- Exercise directions
Without changing a word, repeat the data, and include no pictures.

- Source material
╔══
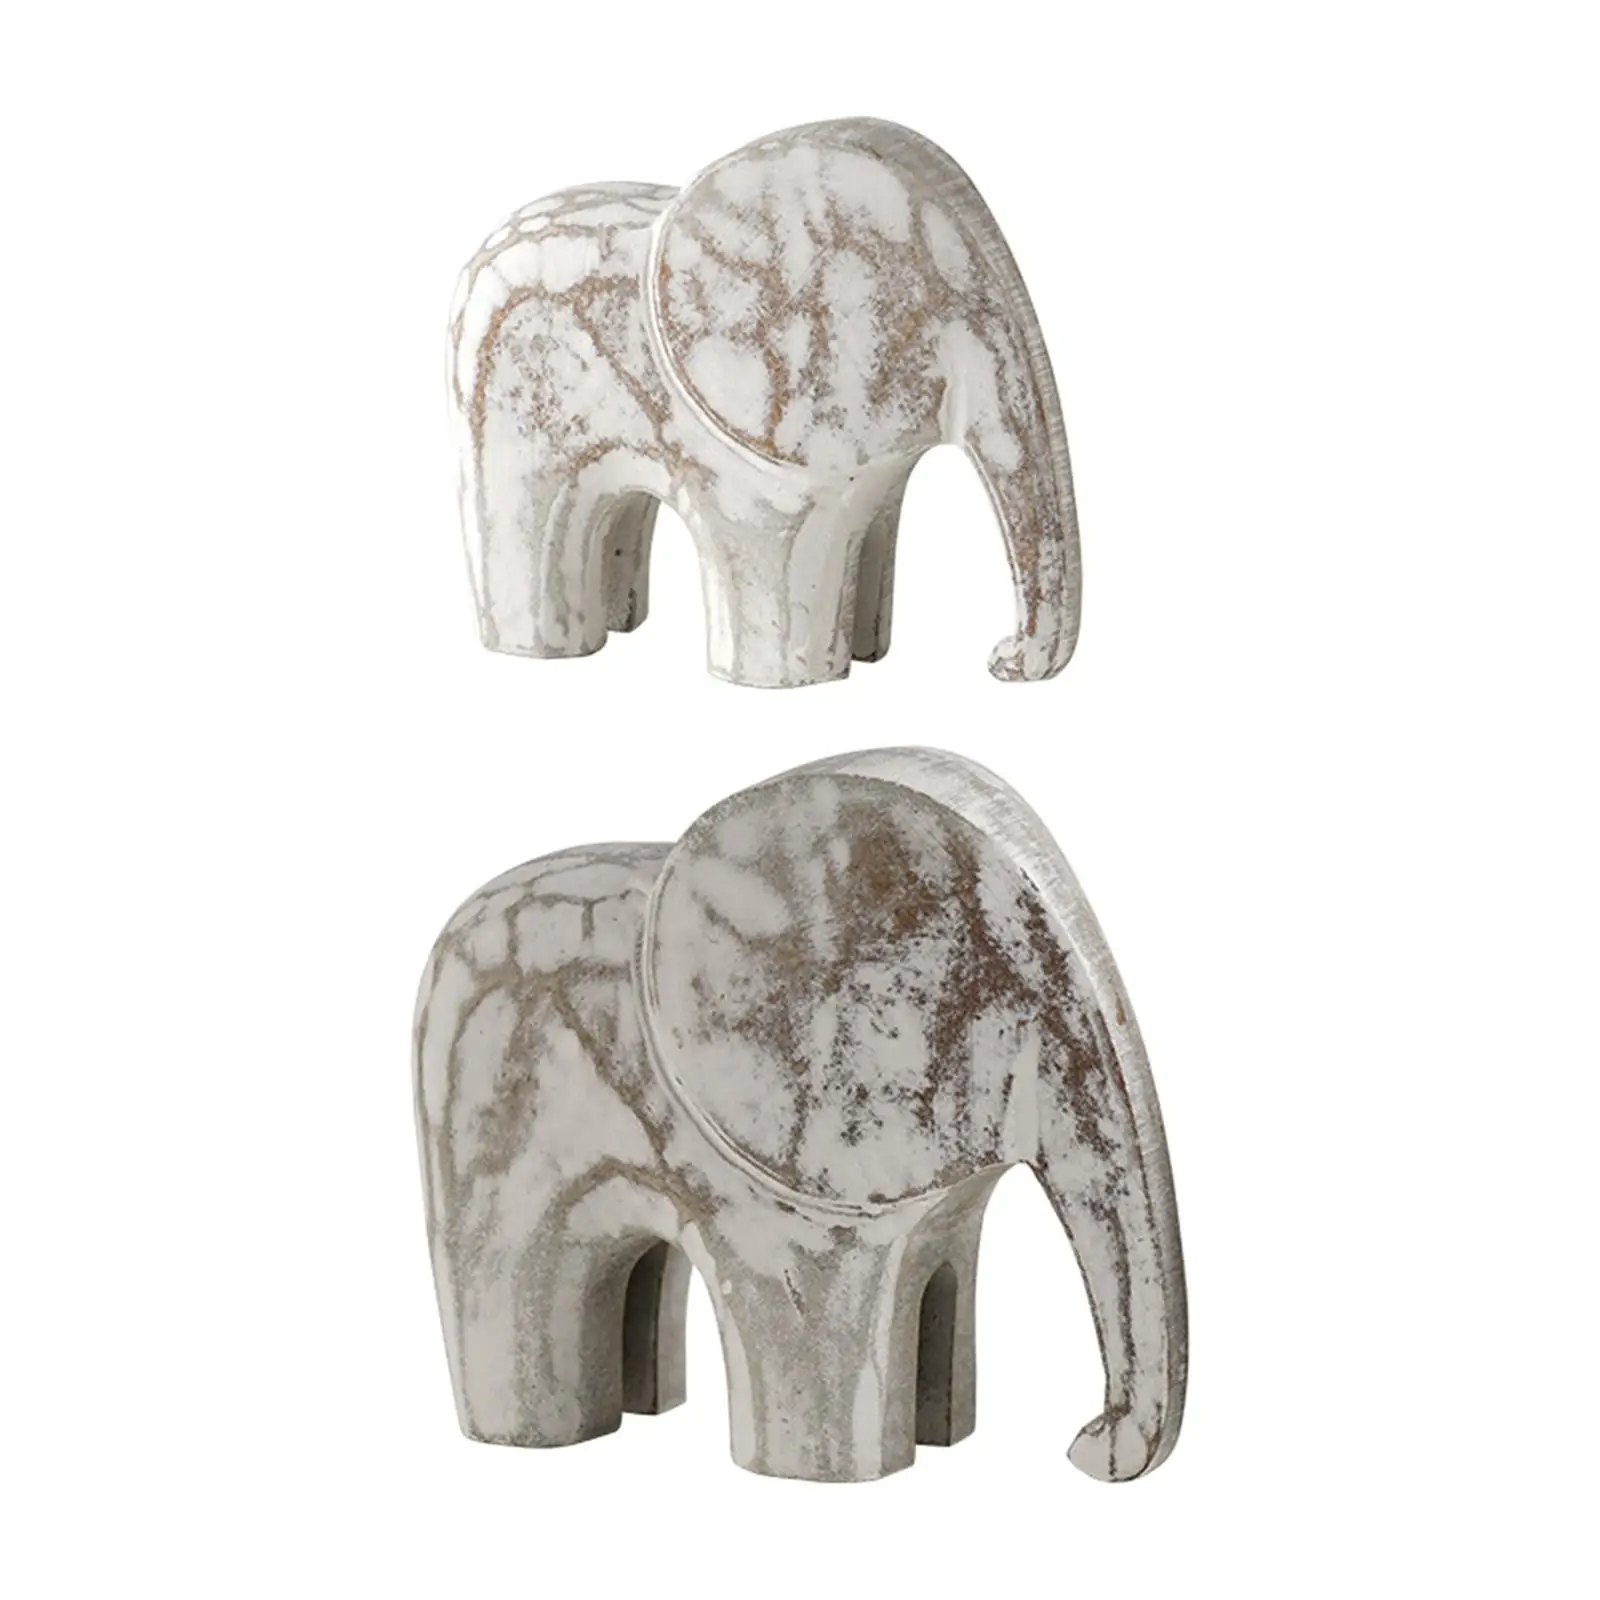 Handmade Elephant Statue Art Craft Animal Ornament Furnishing 1Pair for Bookshelf Office Desktop Home Living Room Decorative
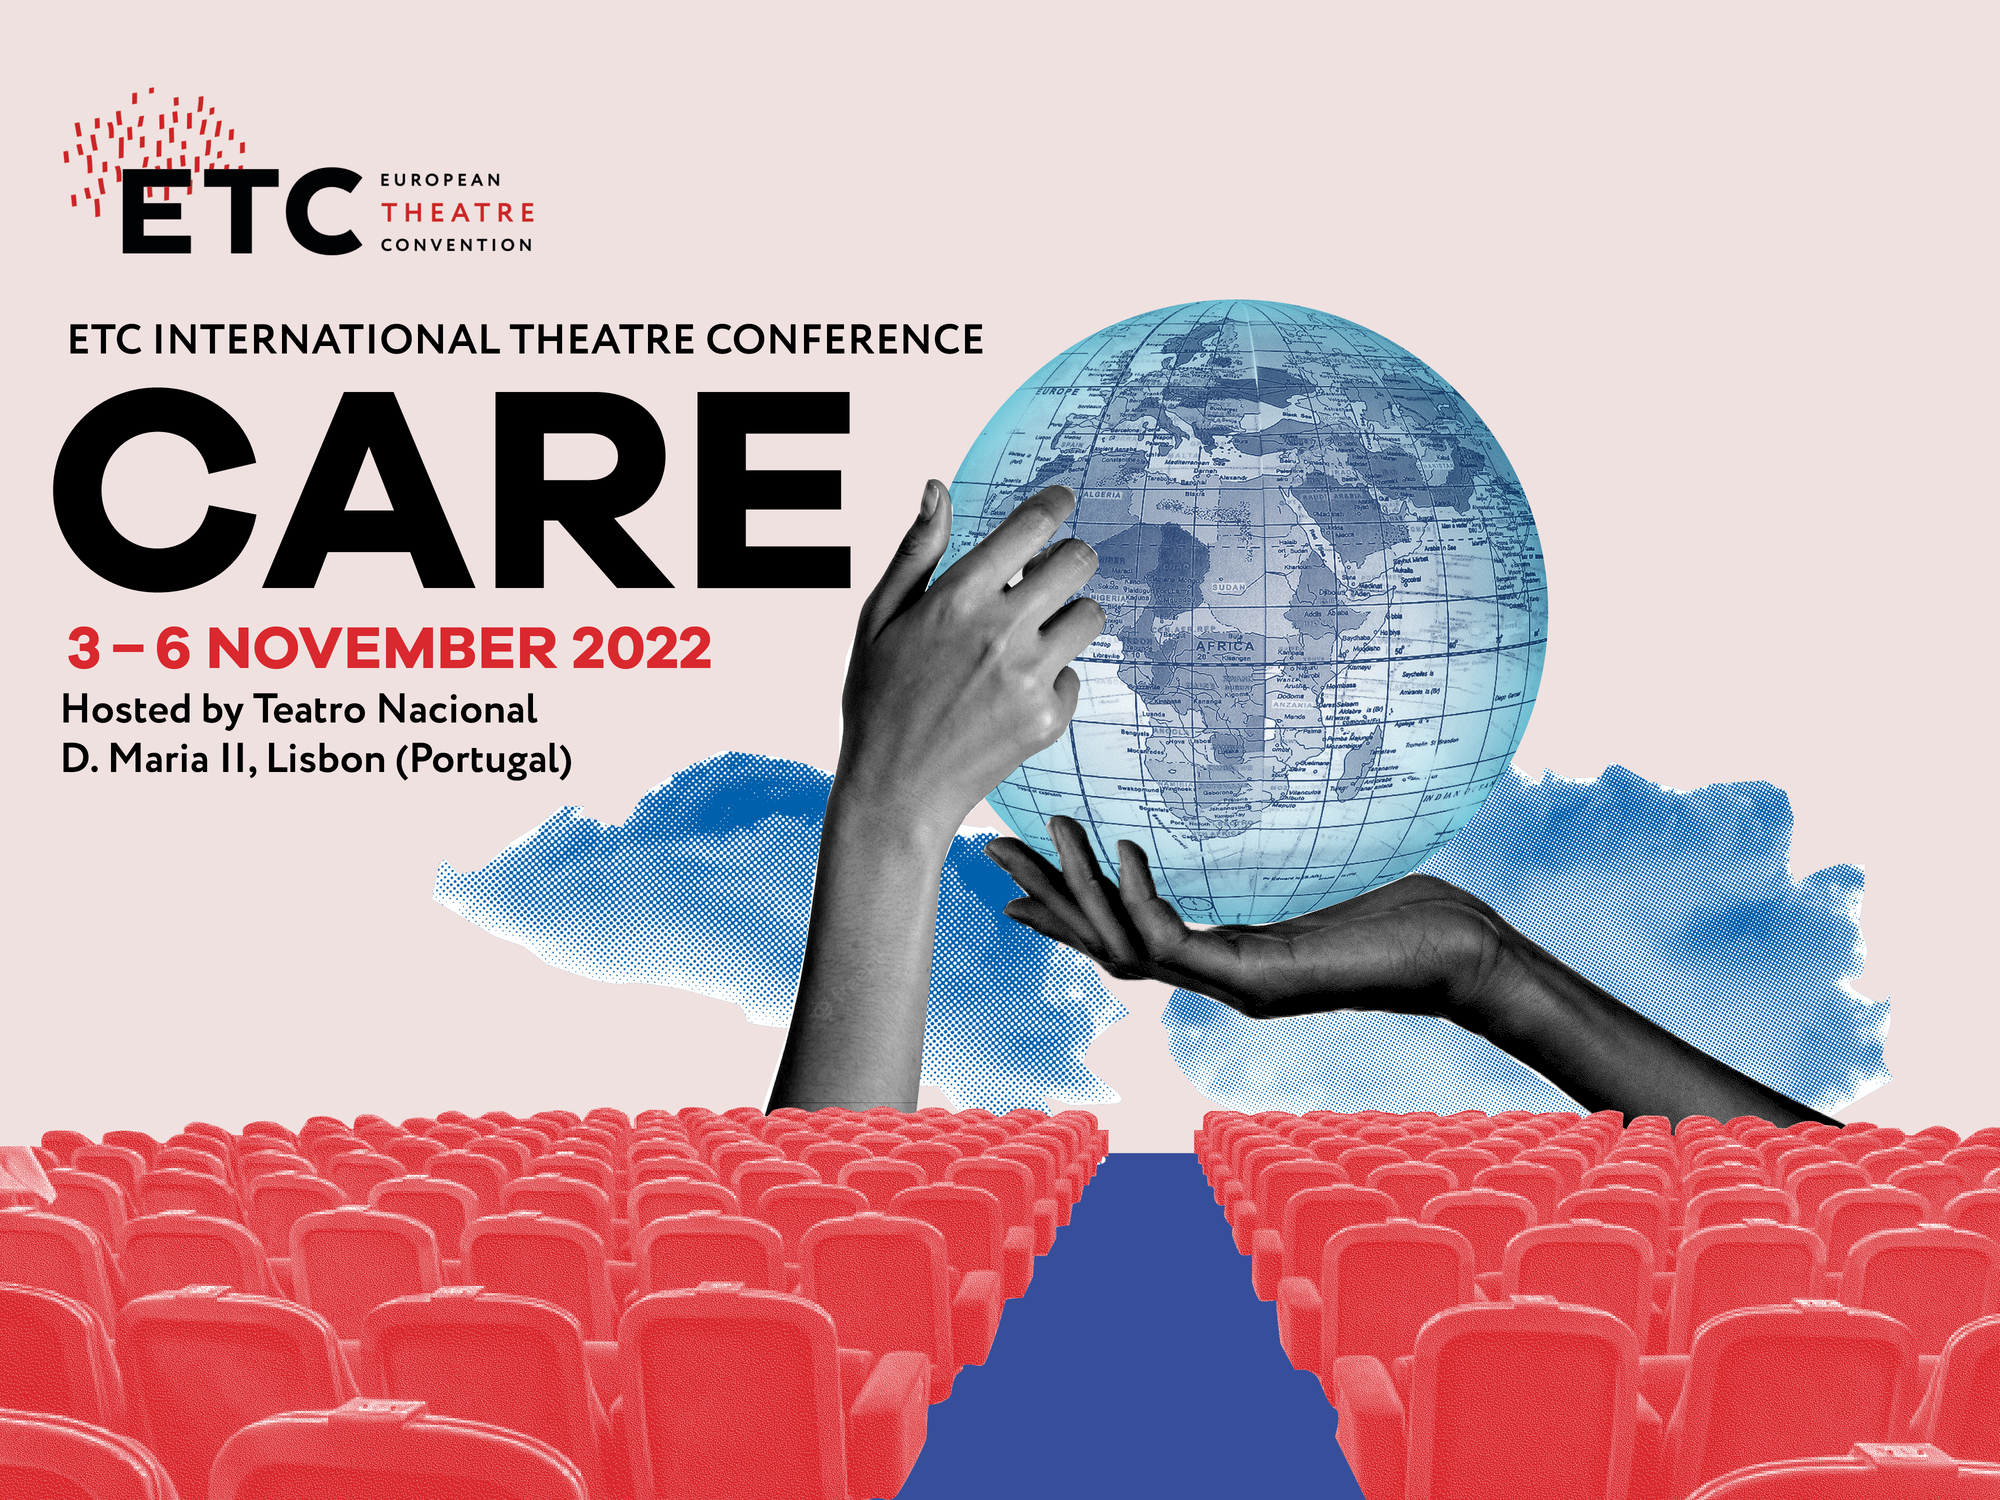 Conferência Internacional de Teatro da European Theatre Convention
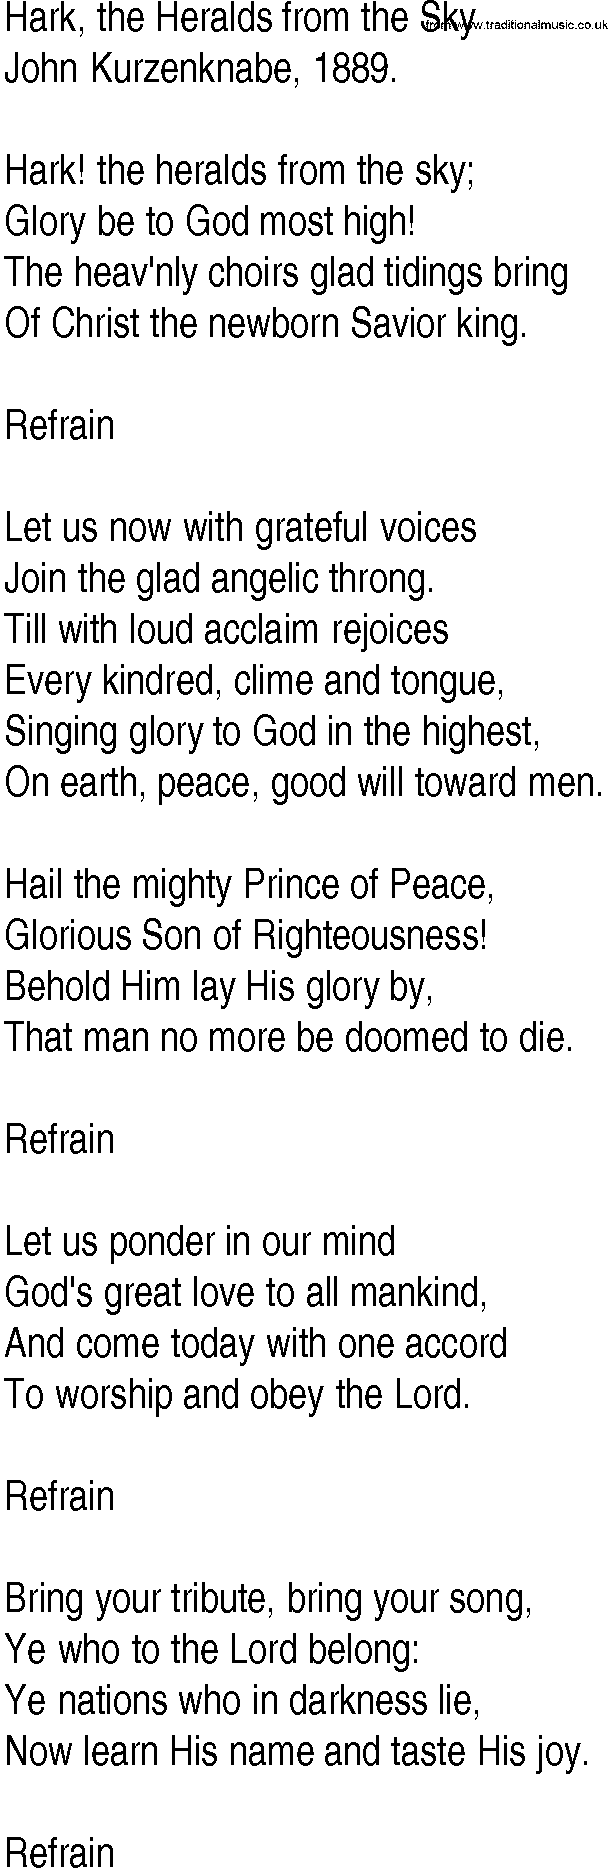 Hymn and Gospel Song: Hark, the Heralds from the Sky by John Kurzenknabe lyrics
╚══
- Exercise response
 Handmade Elephant Statue Art Craft Animal Ornament Furnishing 1Pair for Bookshelf Office Desktop Home Living Room Decorative
 Conferência Internacional de Teatro da European Theatre Convention
 Hymn and Gospel Song: Hark, the Heralds from the Sky by John Kurzenknabe lyrics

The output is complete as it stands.